Well, maybe. But that’s the implication, according to Dave Amsellern, a Friedman Billings Ramsey analyst, now that the FDA has scheduled a meeting for its Gastrointestinal Drugs advisory committee to review the med on Jan. 23, less than three weeks before the Feb. 10 PDUFA date (which, of course, is when the new drug application turns into a pumpkin). The meeting date was announced by Glaxo and Adolor, which have been laboring to win FDA approval for Entereg, which would be used to treat post-operative ileus, or bowel dysfunction after surgery.

However, the drugmakers have run into repeated delays - two approvable letters were issued and clinical trials were halted after Entereg was linked to a higher risk of heart attacks and other serious heart problems, fractures and skin cancers. Nonetheless, Glaxo and Adolor last summer submitted additional data to the FDA in hopes of salvaging the med, which at one time was expected to generate $400 million in annual sales just for Glaxo. Originally, the drugmakers are seeking approval for treating constipation caused by opioid painkillers, a larger market.

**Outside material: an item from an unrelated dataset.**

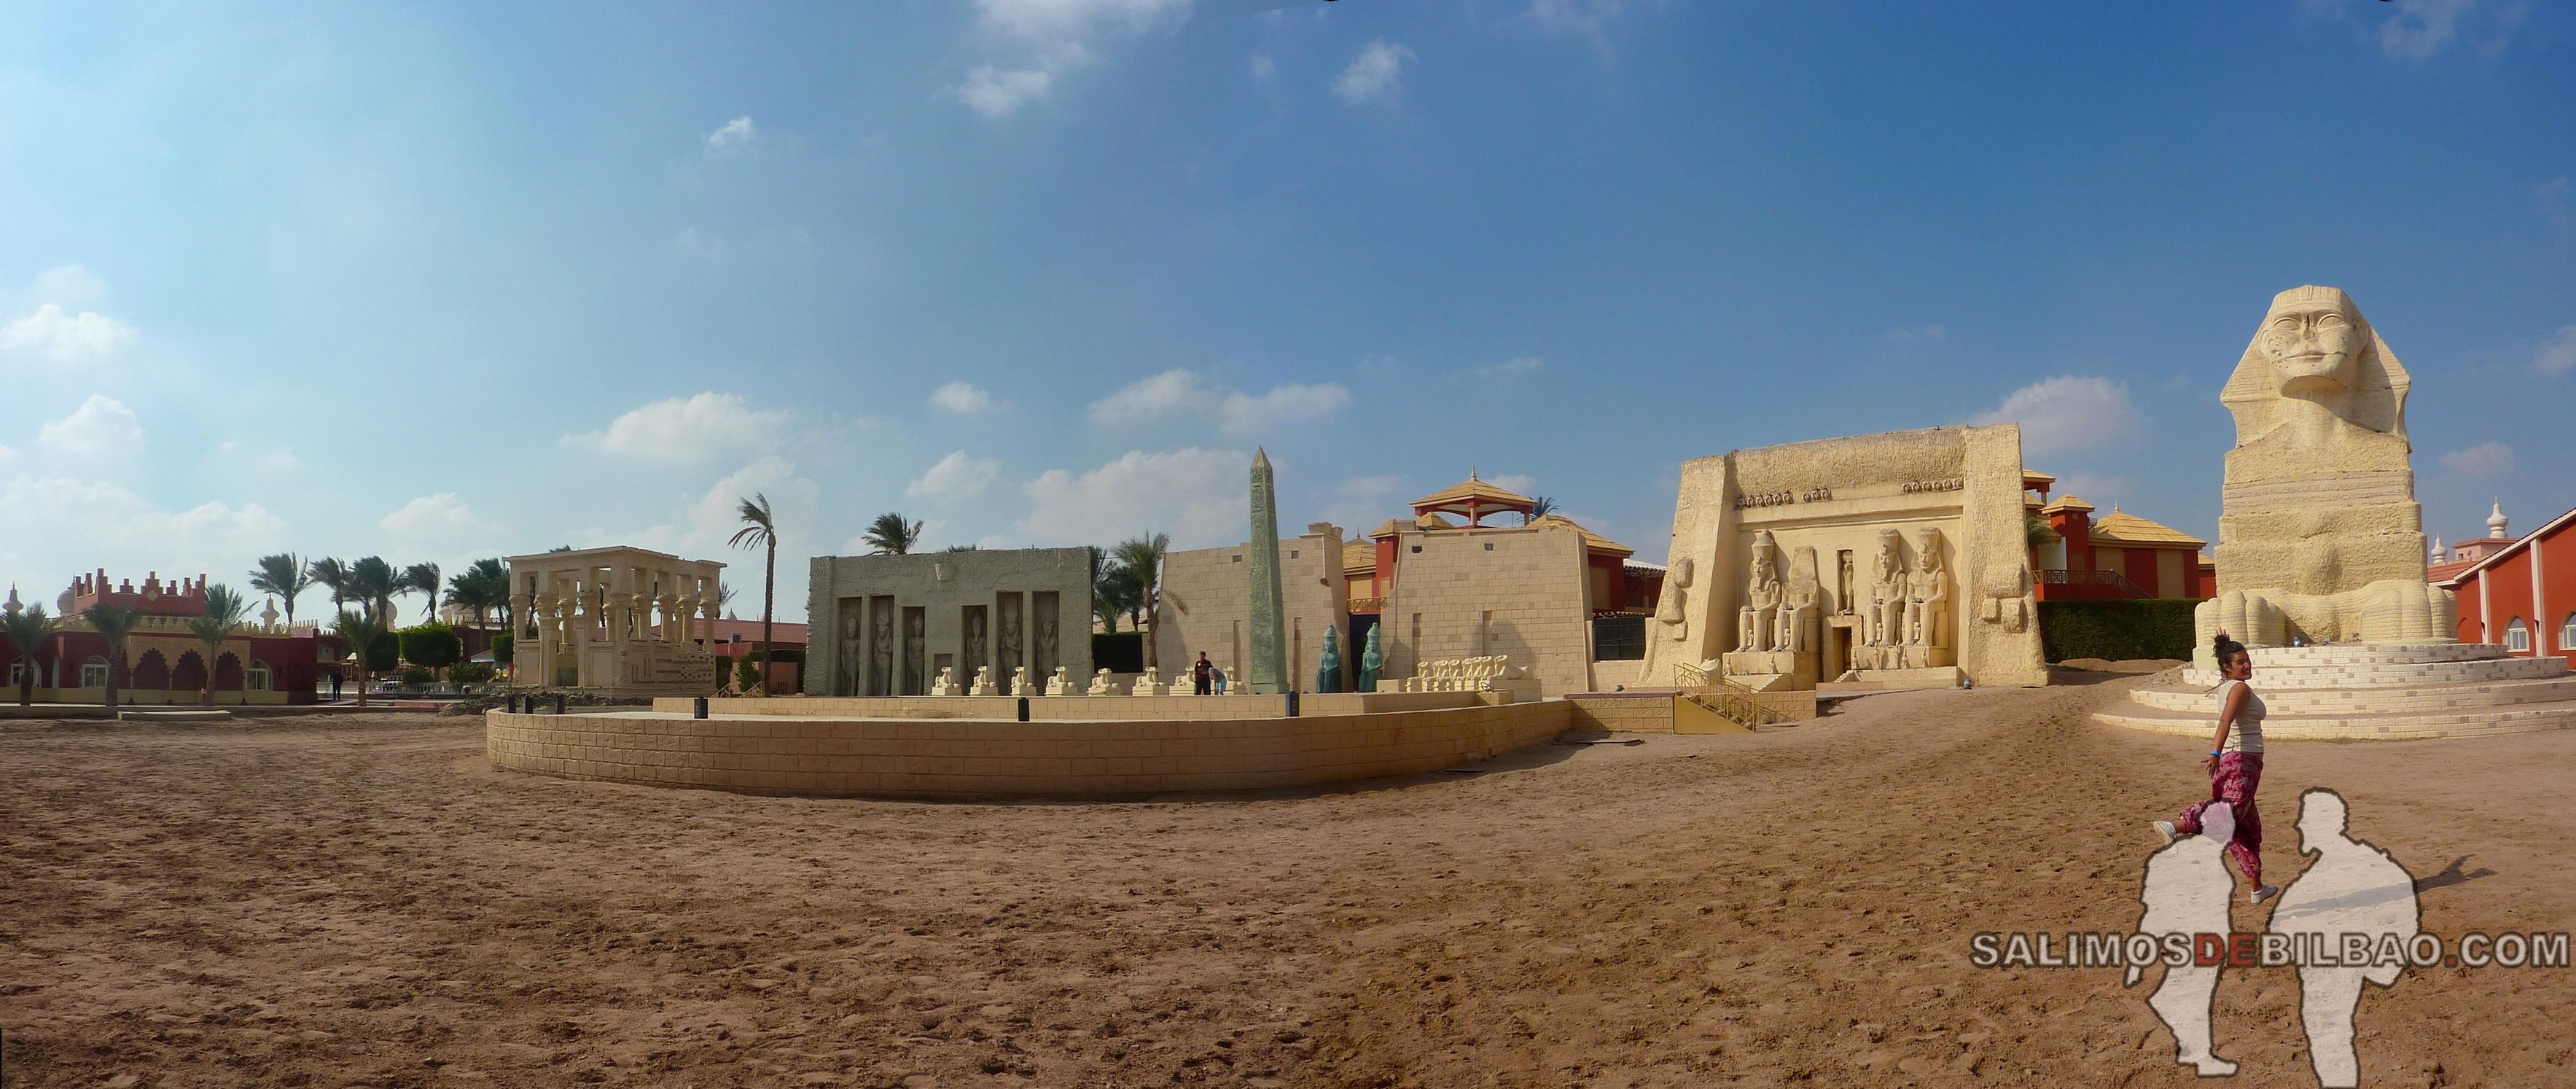 1190. Saioa, Pano, Htl Alf Leila Wa Leila, Hurghada

“The meeting suggests a glimmer of hope that Entereg may eventually gain approval in POI,” writes Amsellern in an investor note today. “That said, we continue to believe that considerable risk surrounds the drug’s chances of approval, even though Entereg’s safety issues arose in a different patient population (i.e., chronic pain patients with opioid-induced bowel dysfunction, or OBD). Our concern mainly reflects the FDA’s high caution level on the safety front, particularly in non-life-threatening indications.”

“The Entereg POI studies didn’t reveal any serious safety issues (cardiac, neoplasms, or other). Additionally, in its last approvable letter, the FDA asked for a risk management plan in the POI setting, which we take to mean that the agency wants to ensure that Entereg is used only in the hospital, and suggests that the agency is open to allowing Entereg on the market for POI even in light of the safety issues that emerged in OBD.

“That said, the agency asked for the risk management plan prior to seeing the 12-month data from study 014, which raised even more safety questions (i.e., the six-month data that the agency saw uncovered cardiac issues, but the 12-month data uncovered an imbalance in the incidence of neoplasms). Therefore, we continue to view a positive panel outcome as high risk.”